The description of the Captain's actions, according to what I have reads, was, on this site, largely inaccurate. The Master (his true title), had attempted for years to get his vessels owners to replace the rotten fire hoses and life preservers, to no avail. After this disaster, legislation was finally undertaken to regulate fire fighting and passenger safety for vessels, culminating in part, with the Jones Act of 1906.

Anyone who is knowledgeable of the New York harbor knows that the only place the Master could have headed for to run her aground was the Brothers Island. Other places would have been of no use, and more deaths would have occured.

The criminalization of the Master's actions resulted in the formation of a Harbormaster's Association, which later became the seed of one of the oldest maritime unions, still very active, the International Organization of Masters, Mates, and Pilots.

It is interesting to read how newspaper and popular ignorance leads to conclusions very different from factual accounts.

Captain, USN ret and Licensed Master, Oceans,Any Tonnage, ret.

atsea25years

Anonymous said...

Congratulations. Wonderful article. You have educated all of us and showed us how sad it is when we let a part or our history just disappear. It is such a shame it couldn't be saved and/or reused.

Anonymous said...

Wow,

Wow! Delivering a load of Blue Moon beer to the Manhattan Beer Distributors directly across from the Island. I asked the young black gate guard what's on that island over there. He shuttered and said, "nuthin, ain't shit over there." So I had to find out what made him shutter like that and found your excellent blog. Thx, Gary

Anonymous said...

Absolutely amazing! You have taken photographs that have bought the place alive. In one of them I could almost smell the grass and forest reclaiming the structures. Thank you so much for sharing your beautiful work.

David L Remy said...

Wonderful job! The pics are amazing! Its obvious that you've put in a great deal of time creating this blog. I love all the historical detail, the timeline really helps understand what went on there, the different incarnations of the island, and its eventual demise. Recently I have been studying other islands in the NYC area, such as Hart island and David's island, the home of the former Fort Slocum.

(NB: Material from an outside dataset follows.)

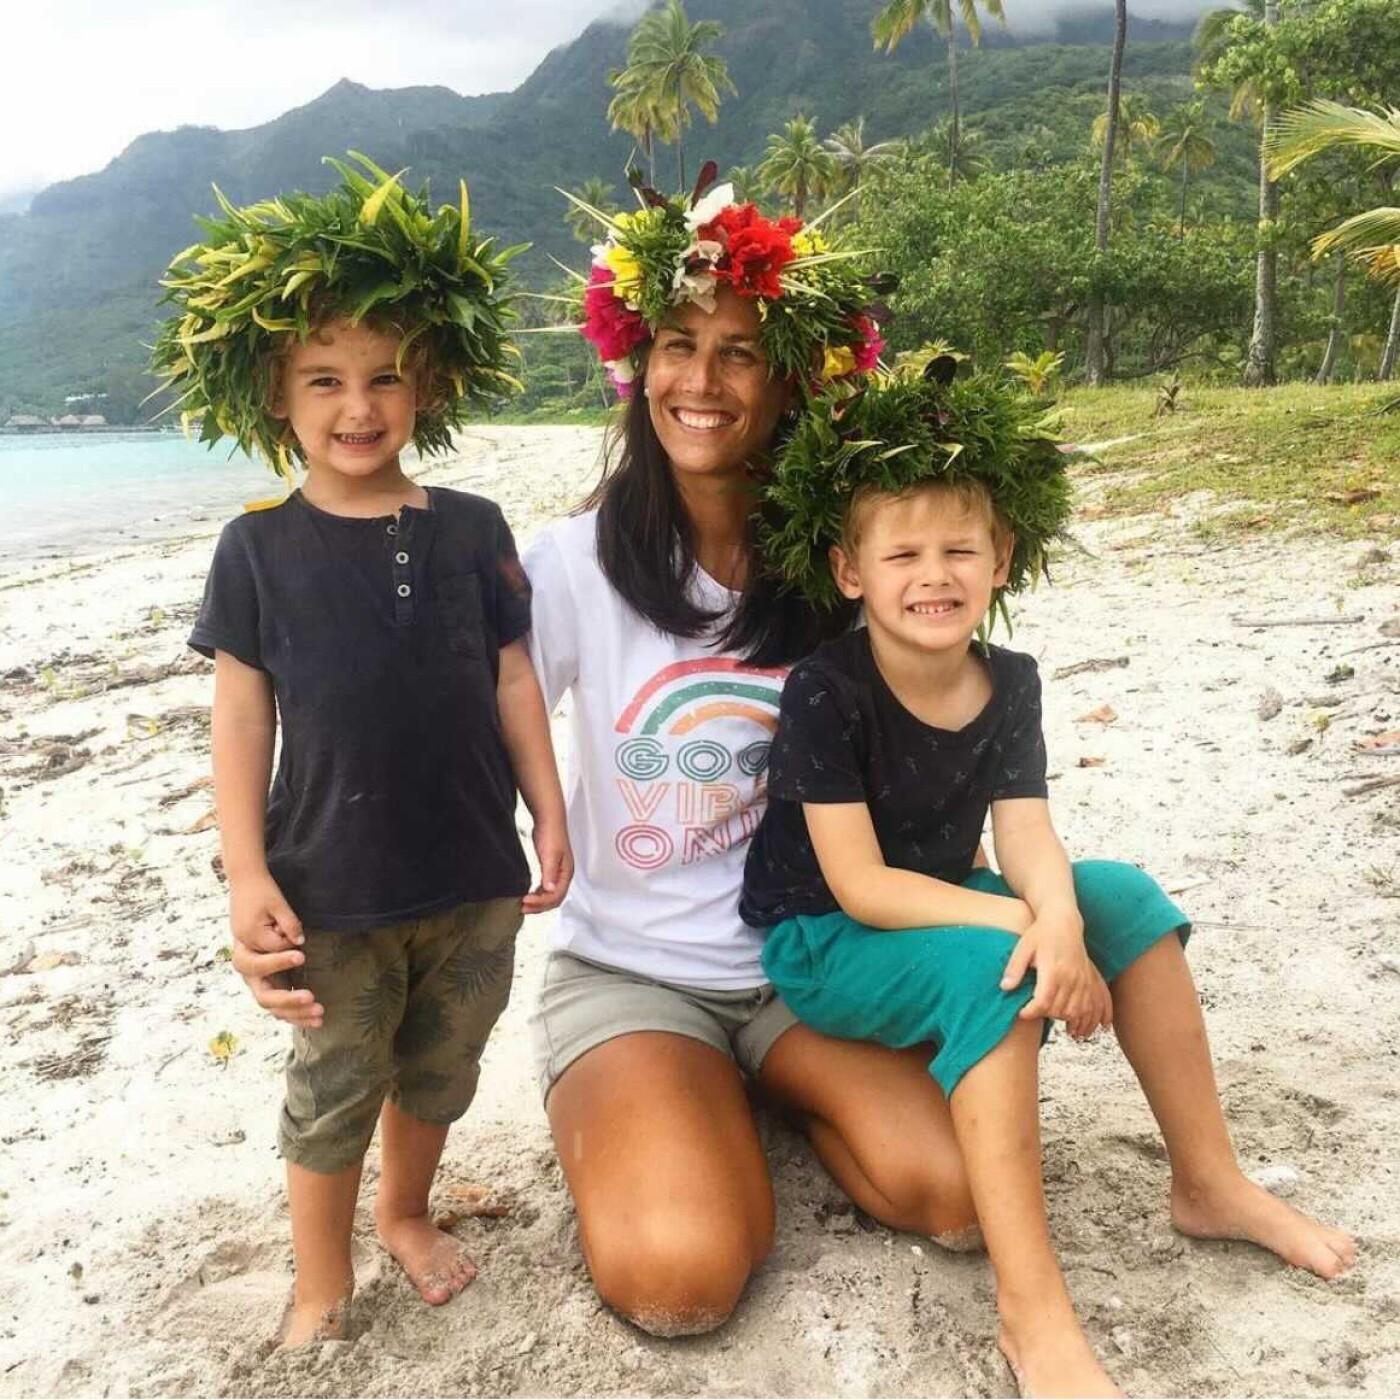 Coucou Les Filles #23 - Solene parle de sa vie a Tahiti - 31 03 2021 - StereoChic Radio

Again, thank you and keep up the good work!

Crystal1390 said...

I was just wondering if you have been back since Hurricane Sandy or if you know the effects of the storm on the remains of the structures?

Rachel said...

this was very interesting to read and the pictures were very captivating :)

mjazzguitar said...

This reminds me of some of the photos of the abandoned buildings in Detroit.

Anonymous said...

Amazing information and photographs. I am afraid the information here will be lost forever and condos will be erected in its place. I hope we dont lose this. Thank you for taking the time share this with everyone.

Anonymous said...

Thank you very much, pics are stunning and the story is truly absorbing, although extremely sad

Nicah_666 said...

Hey Ian!
I must say you take photos full of life, history, scare and dedication. You truly show how the life has been there and how much history it is on the island that we need to keep alive and restored. All that happen from the beginning on the island til it was abandon is a history lesson and for many a life experience. I agree to restore it and capture it as a history place with many stories to tell sounds like a real good idea! We all need to know what has happen in the earlier days and what our grandparents etc was going thru. Life is a mystery but filled with history to tell.
I came across this page by a picture you have taken and I'm stunned, intrigued to read more, learn more, see more pictures. I do look forward to you write a book and fill it with pictures from all your adventures.
I don't live in the US but in Sweden and it's interesting to read about haunting and abandon places like these that have a huge history to them. I do look forward to see more from you Ian. Ty so much for amazing photos and a well done history in it. Keep up this amazing work and wish you well on new or old adventures!
Sincerely Veronica N H/Sweden

Anonymous said...

Thank you for doing this piece of history for others to see. If only the politicians, park officials, and others in office have the passion you have to show the world a little of NY hx then maybe something would be done to preserve the island, only through your blog will this be achieve. Again thank you.

Unknown said...

it is a very nice all history are very nice and all photograph thanks for sharing it.

Eartl Turner said...

Just got back from an amazing adventure on North Brother Island

left a Geocache for the more experienced explorer as well:
http://textuploader.com/oy0z

This piece of history will soon disappear by the hands of the City and some greedy wealthy investor with the excuse for another "wonderful" and safe "public" place to be enjoyed by the new yorkers.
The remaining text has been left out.